取り敢えずクリックしてみると、長文が続いていた。
怪しげな添付など無いから、大丈夫だろう。
もし最後にURLがあっても、それをクリックするほどバカじゃない。
IT関係の会社に勤め始めて3年。大会社ではないが、その代わりフレンドリーな雰囲気がいい。
だから、パソコンについては人より詳しい。
君は2895gで産まれた。桜華幼稚園に入り、年少の時に一度お漏らしをしたことがある。
何だ? これは。
僕は確かに桜華幼稚園に通っていたが、お漏らしした時のことは、何となくしか記憶に残っていない。年少といえば、まだ物心もつかない3歳の時の話だ。出生体重もそう。母親に訊けば両方解るかもしれないが、今は離れて住んでいる。
わざわざ電話をして確かめるのも面倒くさい。
桜華幼稚園年中の遠足で君は階段で転び、右足の膝から血を出して大泣きした。
これは覚えている。でもまだ4歳だ。大泣きしたって仕方ないだろう。
このメールは、同級生からだろうか。今更こんな昔のことを。
だが、なぜいきなりこんな内容を送ってきたのか不思議だ。
桜華幼稚園卒業前のお遊戯会でやったのは、桃太郎の劇で、君は何人かとキジの役をやった。
それは、もうさすがにはっきりと覚えている。
各役が数人いて、みんなで台詞を分け合って進めるのだ。
懐かしくなって少しの間思い出していたが、このメールは、いったい何を言いたいんだ?
最後まで読んだら、懐かしい友達の名前があるかもしれないが、そんな友達が僕のアドレスを知るはずがない。

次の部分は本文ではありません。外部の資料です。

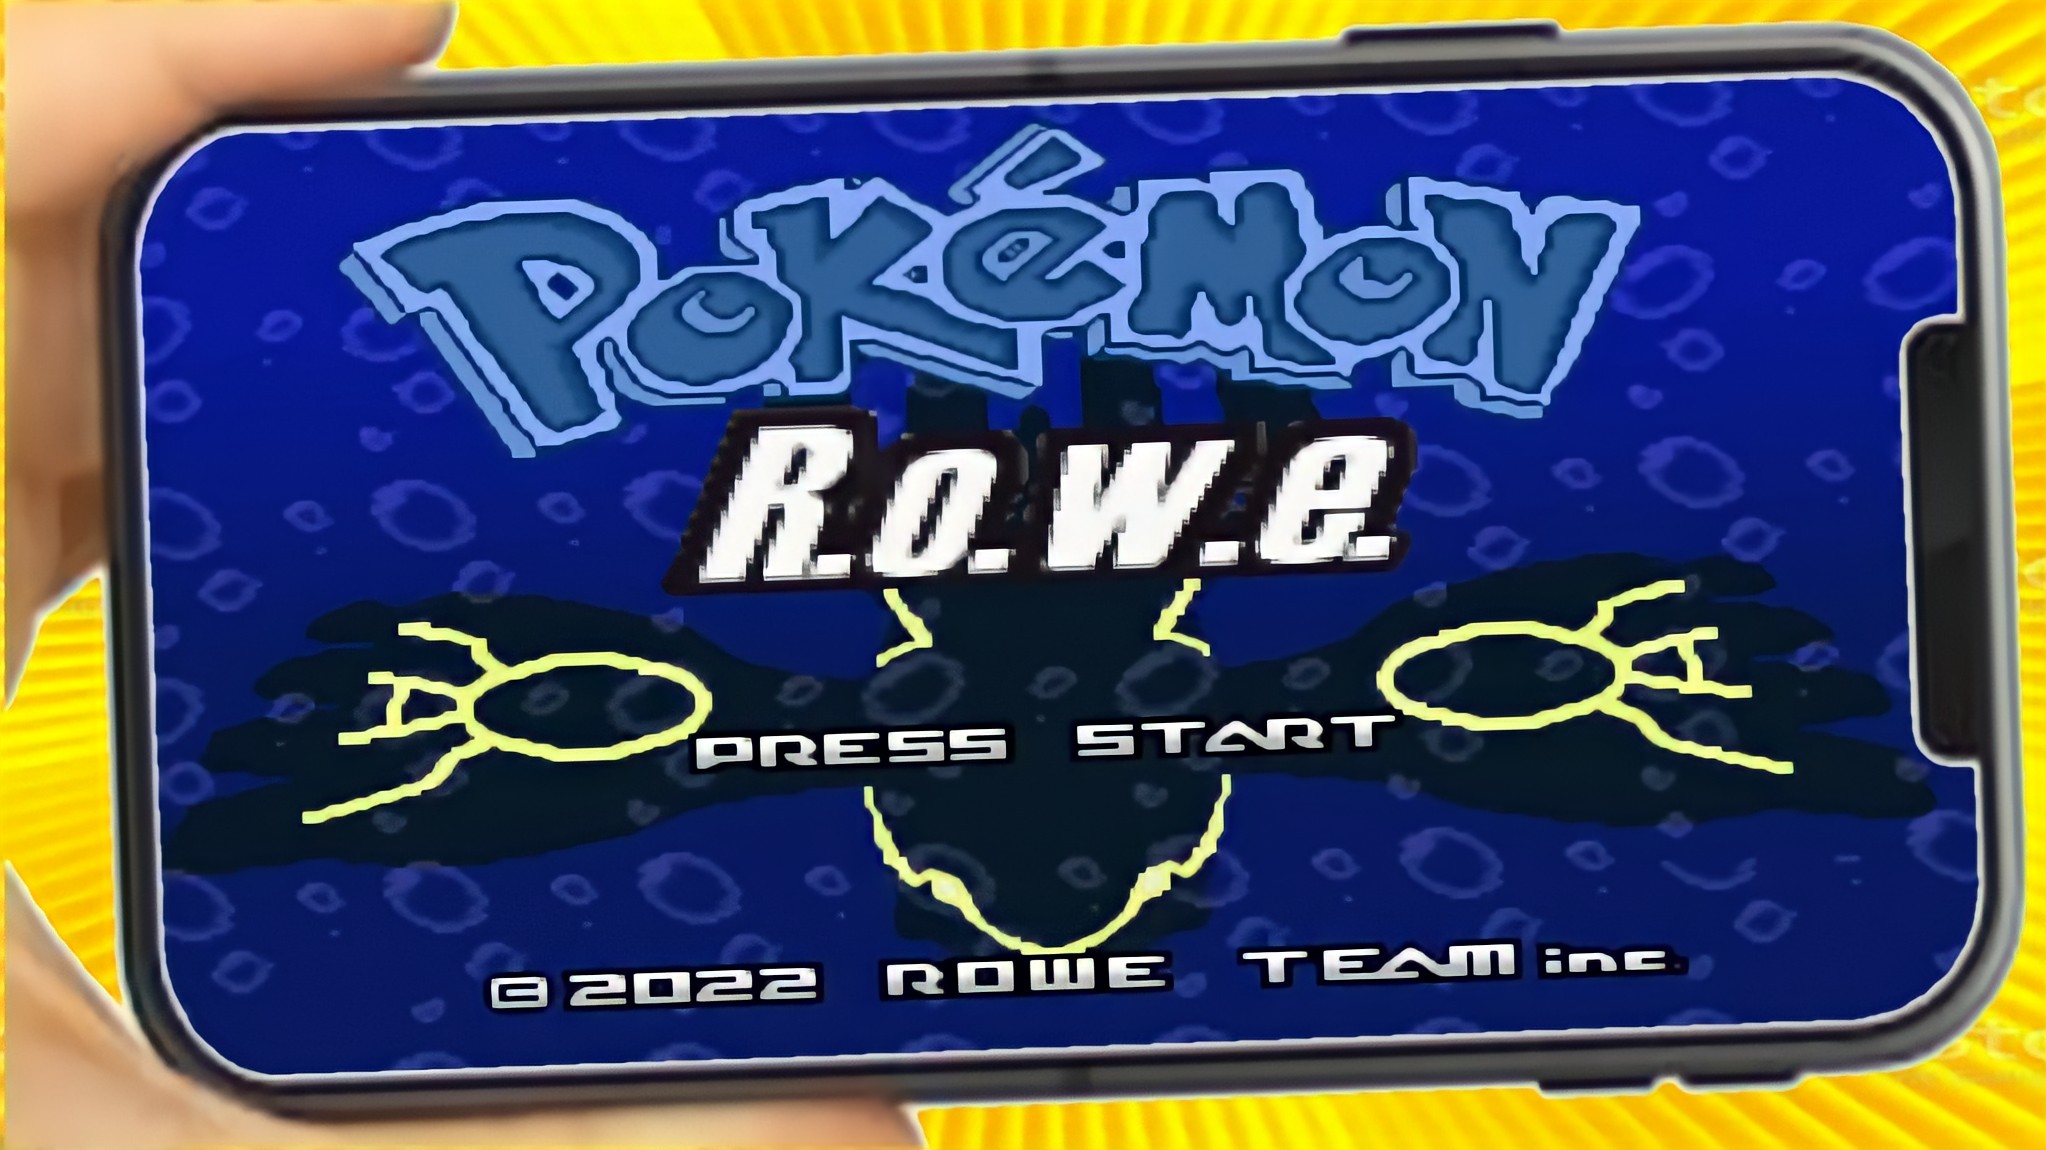 ◓ Pokémon ROM Open World Emerald (R.O.W.E) 💾 [v1.8.3] • FanProject

君が南小学校に入学して、1年3組だった時に遠足があり……。
文章はまだまだ続いている。
高校生までを読んでみたが、全て身に覚えのあること。
だが高校時代、僕が密かに憧れていた女子の名前もあって驚いた。誰にも話した覚えはない。学年1の美人で性格も良く、本当に密かに想っていただけだ。
大体、幼稚園から高校まで一緒だったヤツはいない。
母親のイタズラだろうか?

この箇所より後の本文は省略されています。